Переходя к гармонии народной песни, мы прежде всего должны установить, что, собственно, мы понимаем под этими словами. Гармония народной песни? Но выше было уже сказано, что все народные песни были задуманы и пелись без гармонии и только наш современный слух, не представляющий себе мелодии без аккордов, прибавляет к мелодии гармонию, гармонизирует ее. Поэтому с первого взгляда можно было бы сказать, что гармония народной песни есть результат современного, а не народного творчества. И однако это не так. Дело в том, что далеко не всякая гармония, даже из допускаемых слухом вообще, подходит эстетически к тому или другому виду мелодии. Мелодия в значительной мере влияет на гармонию; характер и тип первой определяет весьма точно тип и характер второй. Другими словами, только та гармония эстетически возможна, то есть правильно поясняет и истолковывает мелодию, которая отвечает складу, характеру и духу гармонизируемой мелодии. Таким образом, гармонизация народной песни вовсе не есть акт произвола, потому что мелодия песни властно предрешает все свойства и все особенности позднейшей своей гармонизации. Вот в каком смысле мы говорим о народной гармонии.

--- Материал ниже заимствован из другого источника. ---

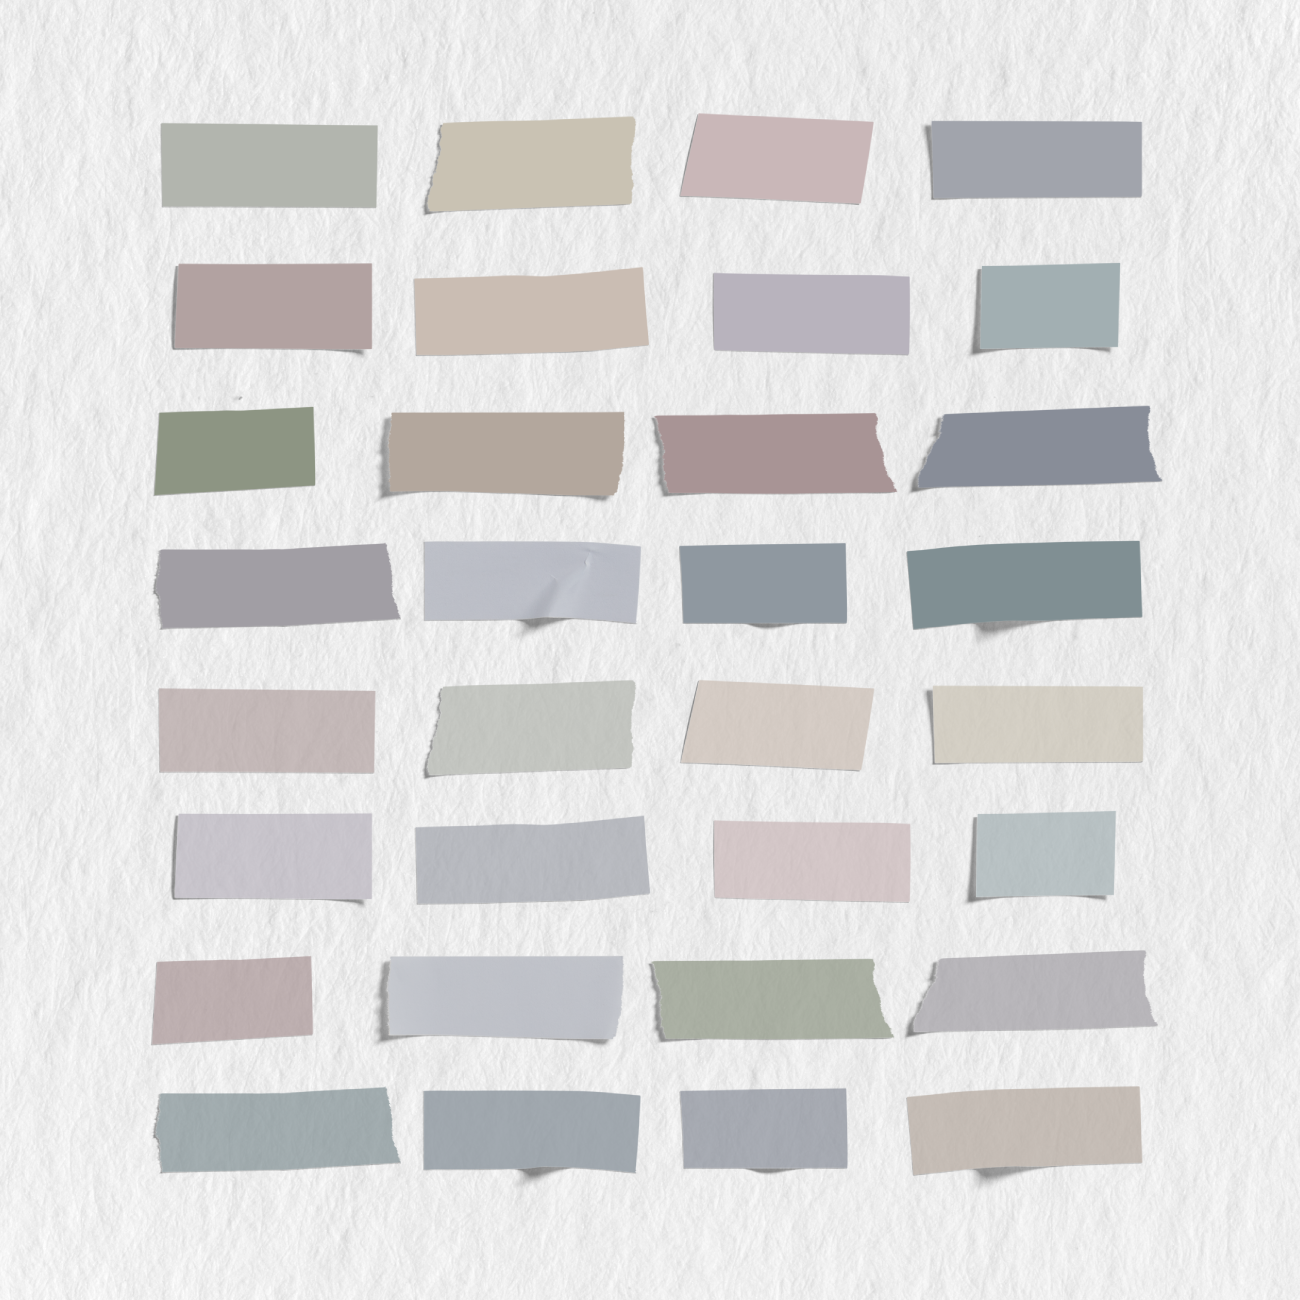 335 Muted Color Digital Sticky Notes - Stationery Pal

Каковы же особенности гармонии народной песни?
Вся масса известных в музыке аккордов может быть разделена на две крупные категории: консонансы и диссонансы. (Примером первых могут служить терция и квинта – отдельно или вместе взятые; если же к терции и квинте, вместе взятым, мы прибавим еще септиму, то есть седьмой от баса тон, то получится аккорд второй категории, то есть диссонанс). Консонансы производят на наш слух, говоря вообще, впечатление покоя; их можно повторять, выдерживать долго, и слух охотно на них останавливается; словом сказать, аккорды эти отражают душевное равновесие человека. Диссонансы, напротив, производят впечатление тревоги, волнуют и беспокоят слух. В противоположность консонансам они являются отрицанием покоя; они воплощают настроение порыва, движения, страсти и, как всякая страсть, не могут продолжаться долго и непременно должны смениться состоянием покоя, то есть консонансом. Вот почему, между прочим, и в современной музыке диссонанс почти никогда не заключает пьесы, – в конце непременно нужен консонанс.
Сказанного достаточно, чтобы понять, что в народной гармонии должны преобладать консонансы. И действительно, правильно понятая и правильно гармонизированная народная песня состоит почти исключительно из одних только консонансов. Музыка отражает духовную жизнь народа, а характерными свойствами народной души именно и являются простота, ясность и устойчивость миросозерцания, стихийная сила традиции и отсутствие в массе порывов, нервности, сомнений и колебаний. Однако с течением времени неизбежный исторический процесс выдвигает из среды народа некоторые обособленные группы – интеллигенцию. Сложность миросозерцания этих новых групп увеличивается, место догмата занимают сомнения и вопросы, а с ними неразлучны тревоги, волнения. Взгляды, идеалы и верования колеблются, быстро сменяясь одни другими. И музыка, продолжая исполнять свое историческое назначение, добросовестно отражает эту тревогу человеческой души, переходя от величайшей простоты и ясности к бесконечной сложности современных диссонансов. В них так же верно отражаются разрозненность и жизненные диссонансы современного общества, как в народной песне – величавая цельность и душевный мир народной массы.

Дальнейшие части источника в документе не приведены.